因为建水库,王必村有部分村民后来迁到了张峰村。他们希望丁书苗能捐款建一所学校。

“我们去找丁,没有回应。”学校的一名老师还说,迁到县里移民村的侯姓村民也曾联系丁书苗,希望她能帮大家开通管道煤气,也被丁拒绝了。

晋城市扶贫协会的相关人士也称,“丁书苗与本地慈善机构合作并不多。”

王刚认为,丁书苗这样热衷慈善,或许还有换取政治资本的因素在里面。她这种做法非常不明智,因为她没有实体,这样大量的捐款虽然换来了好的名声,实际上也引起相关部门的注意。

“这么多钱,怎么赚来的?一查她账就查出问题了。”王刚说。

成败人际网

丁书苗开办会所,布莱尔等多国政要被邀请出任理事

在采访中,不断有人说,丁书苗是个很有能量的人,无论是企业家还是政府官员,都能被丁书苗编织进她的人际网络。

在2008年左右,丁书苗加入了中国扶贫开发协会,成为副会长。该协会现有团体、企业和个人会员700多个,会员拥有资产总量超过5000亿元人民币。

丁书苗的人际网络还开始向国际发展。

2008年4月,博宥集团与当代英才(北京)国际广告有限公司合资成立英才会所股份有限公司,丁书苗任法人代表。

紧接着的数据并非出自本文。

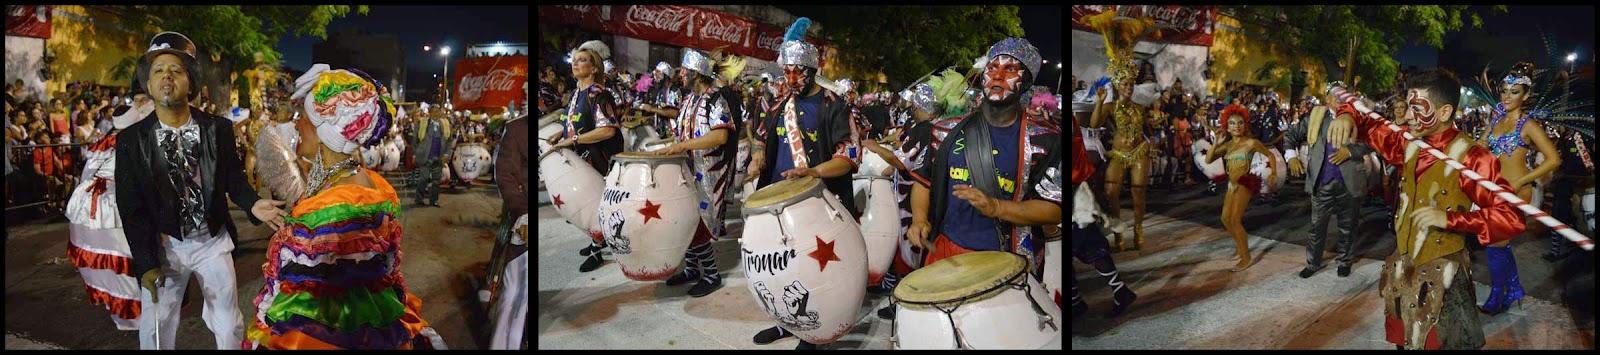 Carnaval. Desfile de Llamadas. Tronar de Tambores.

迄今已有包括英国前首相托尼·布莱尔,法国、匈牙利等多国政要和前政要应邀,担任会所高级别咨询理事。

晋城市一位媒体人士回忆,上世纪90年代,一位省领导到晋城视察,当时车队到沁水县,停在公路边。一个农村妇女不知何事,想挤上工作人员车辆,但是被推了下去。

“我当时作为记者随队采访,看到这情景,觉得这农妇胆子真大。”该媒体人士说,后来他才知道,这名妇女就是丁书苗,想借此结识官员。

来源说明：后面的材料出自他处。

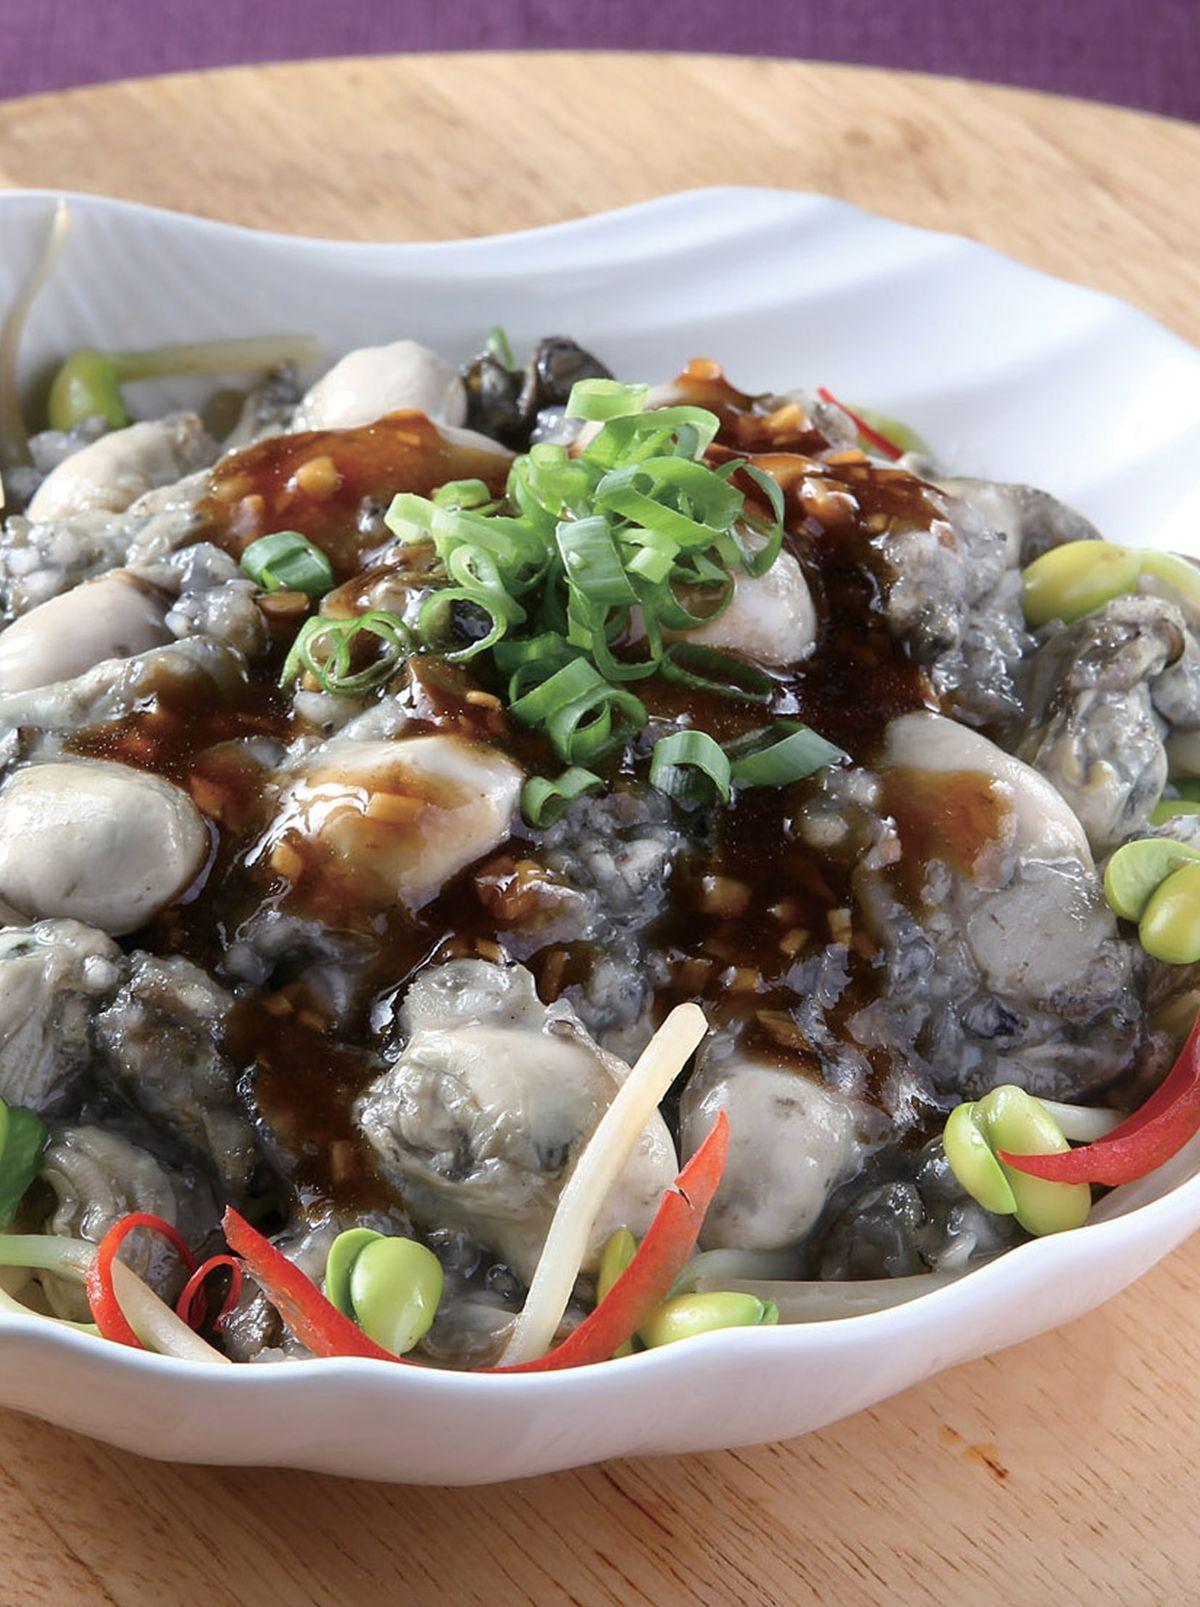 食譜:蒜蓉淋鮮蚵

晋城官员王刚回想丁书苗的人生轨迹,替她惋惜。王说,她被冲昏了头脑,沉迷于不义之财,当初的勤奋、执着已经不见了。或者说,她迷失了自己。

有媒体曾报道,铁道部有官员接受丁书苗请托,内定多家企业中标铁路建设项目。丁书苗等人向中标企业收取中介费。

聊起丁书苗,吉春河有些为自己的选择庆幸。

从事煤炭发运生意的吉春河于1999年关停了自己的公司,把两条铁路专用线捐献给了政府,孤身一人回到老家,承包了芦苇河畔几千亩荒山和荒滩,搞起了生态农业开发。

吉春河认为,“农民终究还是离不开土地。”

吉春河仍记得,以往逢年过节,丁都会给他发短信,或电话交流。他曾多次劝丁书苗回晋城发展。

“我一直想让她做农业,回报生养她的农村。但每次电话里她答应得好好的,就是不做。”吉春河说。